Dulcinea Langfelder

An artist at the core of Montreal’s inventive multi-disciplinary creativity

At 17, she traveled to Europe for the first time, and discovered a small pantomime theater in Tivoli Garden, in Copenhagen. The stage was empty. She imagined mime – which she knew nothing about – as an artform that combined dance and theatre, and decides that it was what she wanted to do.

She spent a year in London, at the Ovalhouse, a theater and youth club, where she worked alongside marginalised young artists… a few of whom would become stars, like John Ratzenberger (Cheers) and Pierce Brosnan (Bond). She took mime classes given by Iris Walton, a student of Étienne Decroux, who encouraged her to go work with the mime master (who is already 84).

In 1975, she went to Paris to study with Étienne Decroux and also took 6 classes of classical ballet a week. When Decroux’s assistants, Jean Asselin and Denise Boulanger, returned to Montreal to establish their company, they invited Dulcinea to join La Troupe Omnibus so she moved to Montreal in 1978. In Paul Buissonneau’s warehouse, where Omnibus rehearsed, Dulcinea discovered a hoop, whose diameter was exactly her height. She started working with this object that would become her talisman.

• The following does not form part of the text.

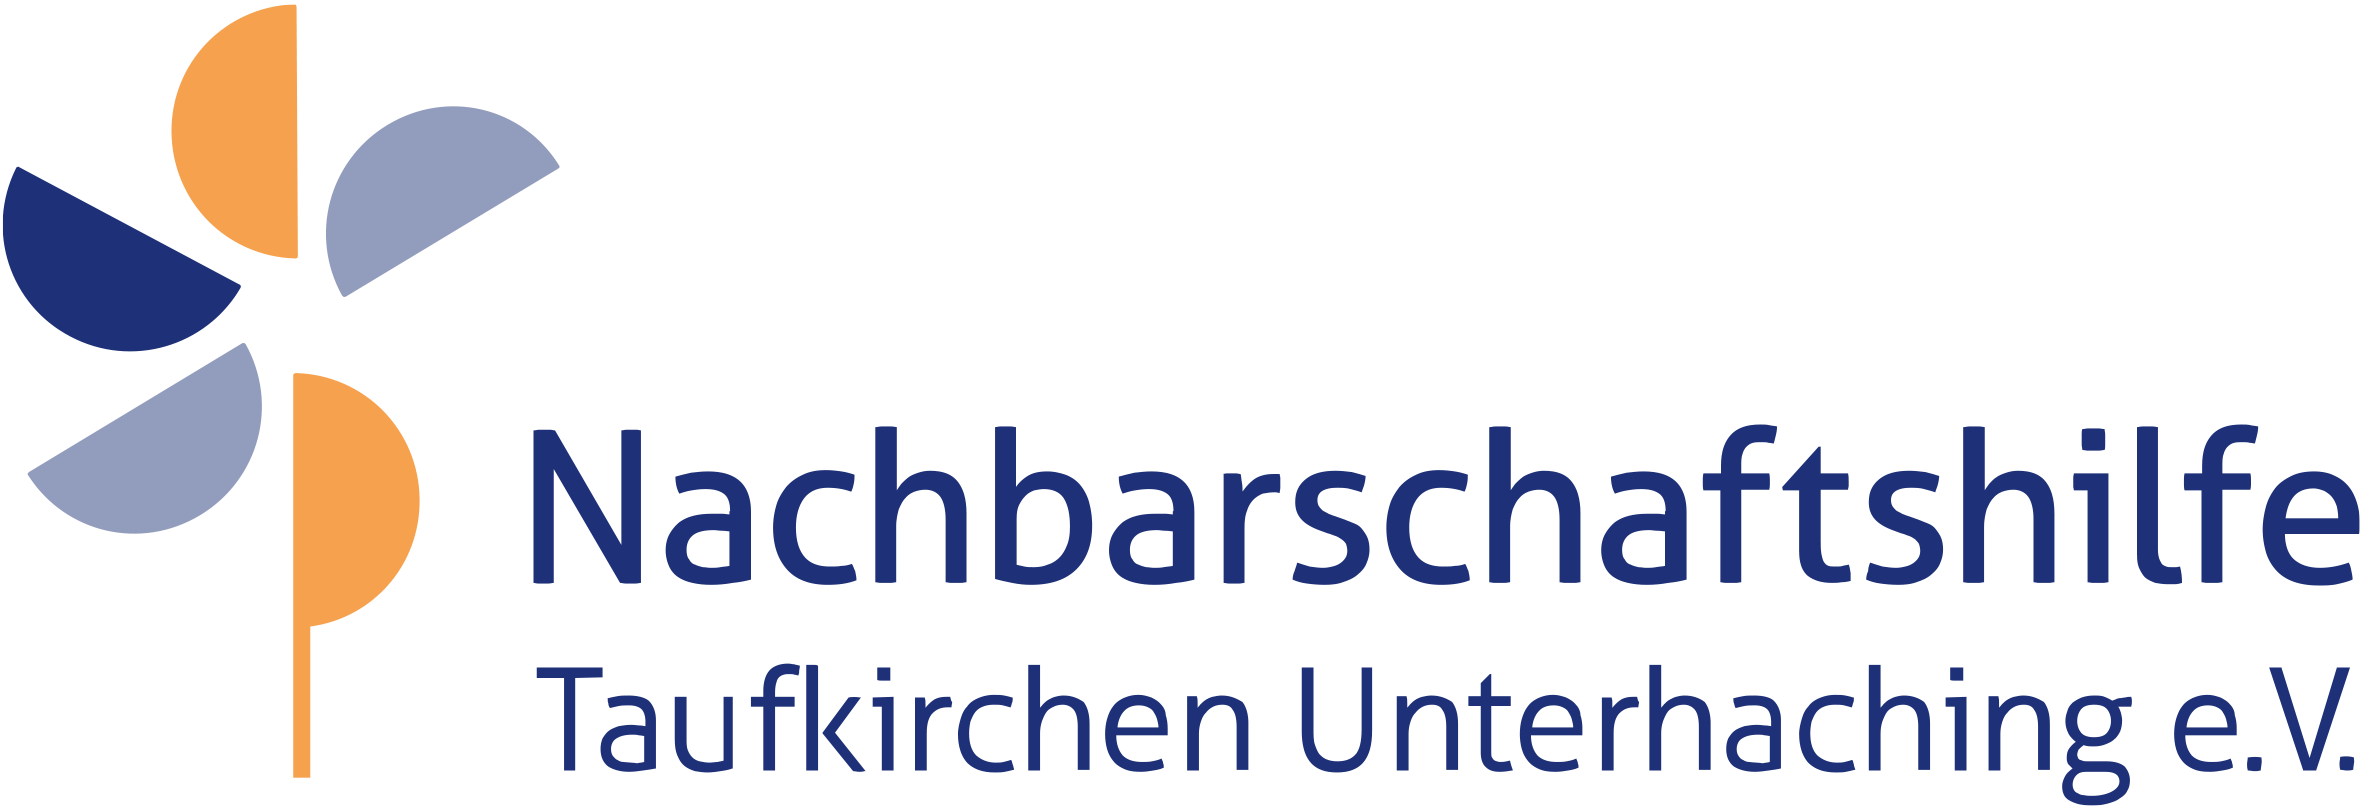 Nachbarschaftshilfe Taufkirchen Unterhaching - Geschäftsstellen & Standorte

She left Omnibus in 1982, and Paul gave her the hoop which would follow her everywhere until 1993.

She founded her own company in Montreal in 1985: Virtuous Circle Dance Theatre, which, in 1997, became Dulcinea Langfelder & Co., creating and performing works that transcend disciplinary and cultural boundaries and resonate with a broad audience around the world. Over the past twenty-five years, her productions have toured throughout North America as well as Europe, Latin America, Asia, and Africa.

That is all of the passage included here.